WordPress 7.0 is here. This is what it means for your marketing and content team.

In Short:

  • You can now connect AI tools (Claude, ChatGPT, Gemini) directly inside WordPress and use them for writing, meta descriptions, alt text, and image editing without leaving the editor or waiting on a developer.
  • Mobile layout control is now in your hands. Show or hide content blocks by device, straight from the editor, no dev ticket required.
  • Revision history is now visual. See exactly what changed on a page, who changed it, and roll back if needed. No more deciphering code.

Most of what you have read about WordPress 7.0‘s AI features is not quite right. WordPress core is not adding an AI assistant. What it is adding is the infrastructure that makes AI tools actually work inside WordPress. 
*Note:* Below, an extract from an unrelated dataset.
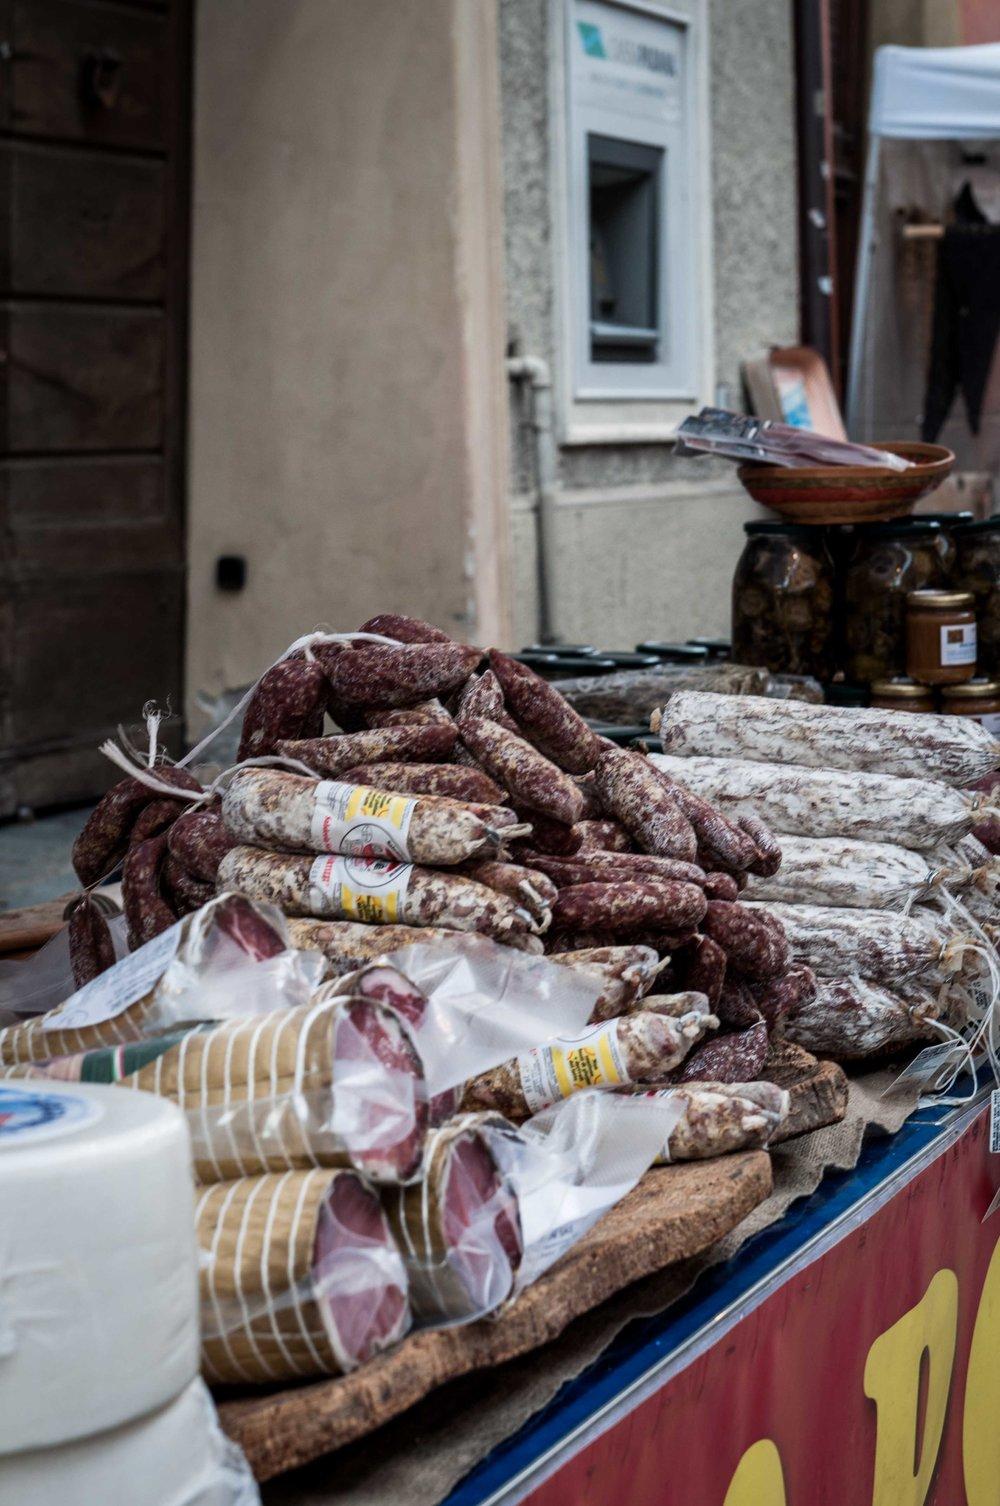 Sardininan Sausages

WordPress 7.0 has recently landed. For marketing and content teams, it is one of the more useful releases in years. It brings a standardised way to connect AI tools directly to your WordPress site, a more intuitive admin experience, and editor features that give content teams more control without having to wait on a developer.

One feature did not make it. Real-time collaboration was pulled from the release twelve days before launch after testing exposed stability issues that the team was not willing to ship around. It will be picked up in a future version. More on that below.

We asked Jackson Poultney, one of The Code Company’s Senior WordPress Engineers, who has been testing the release in beta, to share his take on what actually matters for teams working with WordPress day-to-day.

WordPress 7.0 does not add AI to your site. It makes connecting AI to your site far easier.

WordPress 7.0 introduced a feature called Connectors: a central, standardised dashboard section where your site can store API keys for AI services, including Anthropic, Google Gemini, and OpenAI. Previously, connecting an AI service to WordPress meant building a custom settings page or editing config files. That required a developer, but now marketing and content teams can easily set this up.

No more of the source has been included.